Work required
Working from the records below, repeat exactly the lines starting at the line that contains "over 50 fossil" and ending at the line that contains "Sapporo Platinum Clear", inclusive.

···

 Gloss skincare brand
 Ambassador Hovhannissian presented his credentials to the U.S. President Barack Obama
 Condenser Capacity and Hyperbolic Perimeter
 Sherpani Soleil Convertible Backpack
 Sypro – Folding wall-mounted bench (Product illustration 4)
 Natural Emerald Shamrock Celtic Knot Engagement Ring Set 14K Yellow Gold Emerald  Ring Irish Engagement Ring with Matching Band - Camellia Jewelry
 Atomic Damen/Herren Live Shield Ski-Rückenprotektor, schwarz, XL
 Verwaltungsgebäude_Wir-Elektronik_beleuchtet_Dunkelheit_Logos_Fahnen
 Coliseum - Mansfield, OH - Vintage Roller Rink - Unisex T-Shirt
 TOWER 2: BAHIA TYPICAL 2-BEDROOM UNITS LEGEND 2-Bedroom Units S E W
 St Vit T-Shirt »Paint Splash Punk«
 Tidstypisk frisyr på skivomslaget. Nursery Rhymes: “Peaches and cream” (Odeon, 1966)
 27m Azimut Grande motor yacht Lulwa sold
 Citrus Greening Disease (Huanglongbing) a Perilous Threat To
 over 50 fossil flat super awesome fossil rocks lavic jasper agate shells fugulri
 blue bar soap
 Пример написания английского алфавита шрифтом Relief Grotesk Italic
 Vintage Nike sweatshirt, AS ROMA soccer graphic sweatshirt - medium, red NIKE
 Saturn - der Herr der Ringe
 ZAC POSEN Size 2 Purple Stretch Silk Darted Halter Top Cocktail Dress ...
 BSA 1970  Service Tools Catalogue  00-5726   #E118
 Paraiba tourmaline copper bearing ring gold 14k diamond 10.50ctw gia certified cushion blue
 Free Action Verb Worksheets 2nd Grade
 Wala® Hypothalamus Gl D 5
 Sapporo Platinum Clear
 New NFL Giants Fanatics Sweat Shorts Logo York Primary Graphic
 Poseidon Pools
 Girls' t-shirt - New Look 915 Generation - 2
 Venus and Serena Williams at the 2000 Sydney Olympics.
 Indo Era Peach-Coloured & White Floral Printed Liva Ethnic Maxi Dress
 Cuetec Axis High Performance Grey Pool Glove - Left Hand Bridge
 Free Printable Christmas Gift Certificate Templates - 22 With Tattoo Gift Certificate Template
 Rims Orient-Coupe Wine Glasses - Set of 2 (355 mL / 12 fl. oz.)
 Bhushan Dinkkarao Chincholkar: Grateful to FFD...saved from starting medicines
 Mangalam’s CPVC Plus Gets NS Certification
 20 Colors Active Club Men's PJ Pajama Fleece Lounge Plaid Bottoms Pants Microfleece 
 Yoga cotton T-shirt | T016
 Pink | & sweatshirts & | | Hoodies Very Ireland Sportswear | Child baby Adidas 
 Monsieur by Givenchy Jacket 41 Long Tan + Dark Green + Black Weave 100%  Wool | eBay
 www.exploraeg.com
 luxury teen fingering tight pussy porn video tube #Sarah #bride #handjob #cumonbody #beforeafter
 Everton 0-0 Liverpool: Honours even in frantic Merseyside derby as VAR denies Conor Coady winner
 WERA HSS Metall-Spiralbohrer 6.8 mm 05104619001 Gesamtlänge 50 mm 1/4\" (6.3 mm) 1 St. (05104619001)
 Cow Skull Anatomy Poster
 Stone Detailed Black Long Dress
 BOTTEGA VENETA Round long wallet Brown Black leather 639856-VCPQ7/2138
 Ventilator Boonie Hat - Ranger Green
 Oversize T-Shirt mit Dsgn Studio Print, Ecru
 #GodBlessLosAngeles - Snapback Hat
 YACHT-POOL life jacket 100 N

···

Answer area
 over 50 fossil flat super awesome fossil rocks lavic jasper agate shells fugulri
 blue bar soap
 Пример написания английского алфавита шрифтом Relief Grotesk Italic
 Vintage Nike sweatshirt, AS ROMA soccer graphic sweatshirt - medium, red NIKE
 Saturn - der Herr der Ringe
 ZAC POSEN Size 2 Purple Stretch Silk Darted Halter Top Cocktail Dress ...
 BSA 1970  Service Tools Catalogue  00-5726   #E118
 Paraiba tourmaline copper bearing ring gold 14k diamond 10.50ctw gia certified cushion blue
 Free Action Verb Worksheets 2nd Grade
 Wala® Hypothalamus Gl D 5
 Sapporo Platinum Clear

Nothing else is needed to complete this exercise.